Main Article Content

Anna Bacardit
Felip Combalia
Joaquim Font
Grau Baquero


Public concerns about the quality of life of human beings as well as the quality of natural environments and ecosystems have led to the increasing importance of sustainability for governments and for all industries, including the leather industry. In this context, more "ecological" leather goods are being demanded. It should be noted that this concept is often used without a scientific study to support it. 

This concept of sustainable or ecological product in the field of leather goods, are mainly associated with chrome-free tanneries (that is vegetable and wet-white), but this association should be backed up or dismissed by scientific evidence. A complete scientific study is required, which takes into account the different stages of leather production, including also the treatment of water and by-products, analyzing in a scientific and systematic way the environmental impact of each of these tanning processes. 

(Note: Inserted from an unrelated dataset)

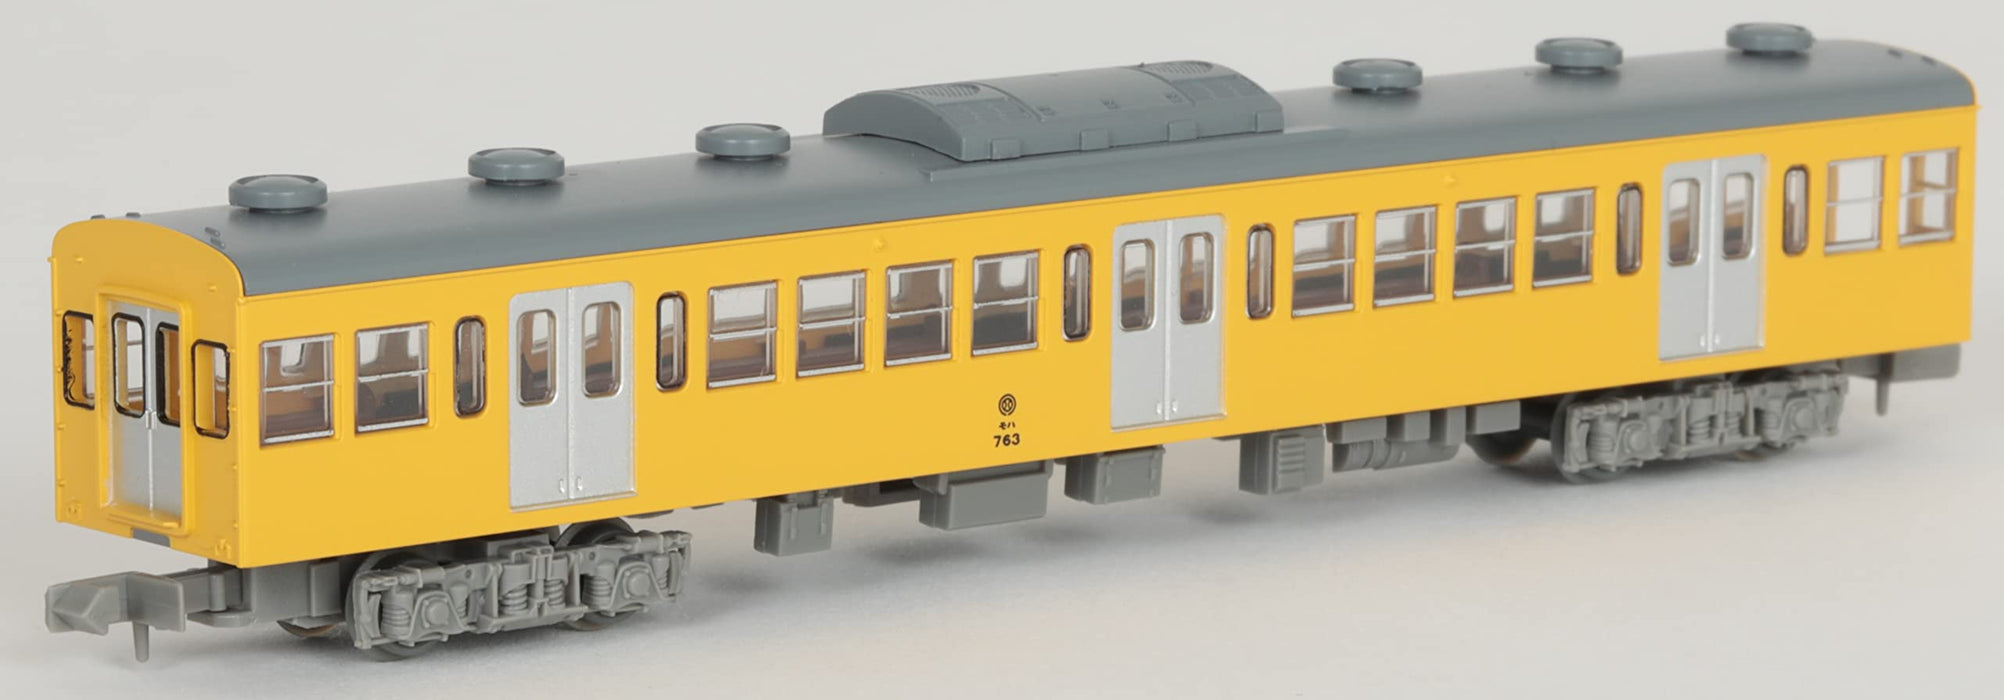 Tomytec Japan Railway Collection Iron Series 701 1763 4-Car Set Diorama 317241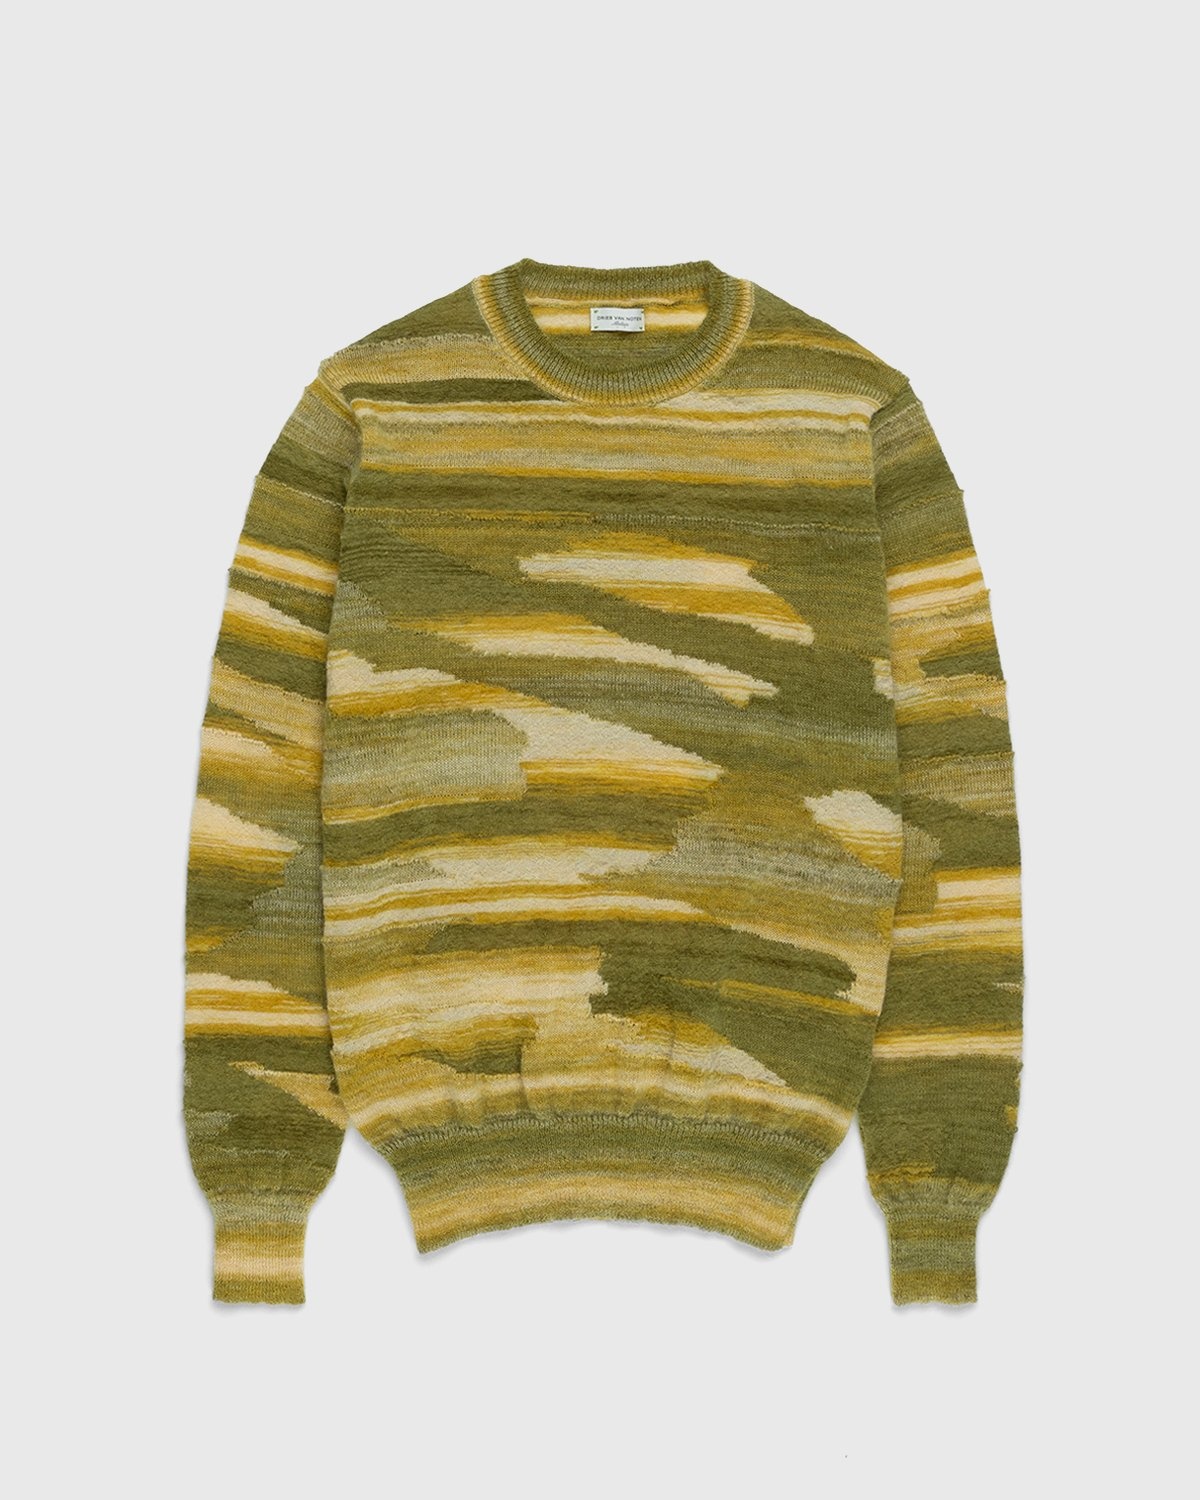 Dries van Noten – Jamino Sweater Yellow - Knitwear - Yellow - Image 1

This study focuses on the life cycle analysis of the three basic tanning processes: chrome, vegetable and wet-white leather production. It will focus on European manufacturing to have reliable data and reduce uncertainty. 

In the tanning stage, the process with the greatest impact is the vegetable one, to highlight its high impact on global warming at 100 years (GWP100). This result is due to the energy necessary for the production of mimosa and quebracho in addition to the energy for the processing of the leather in the drums. 

Wet white tanning with glutaraldehyde has lowest environmental results than vegetable tanning. 

The chrome tanning process (wet blue) also stands out for its reduced environmental impact. 

Subsequently, to have a global view of the entire production, the LCA of the post-tanning stages must be performed to evaluate the impact of each of the systems studied.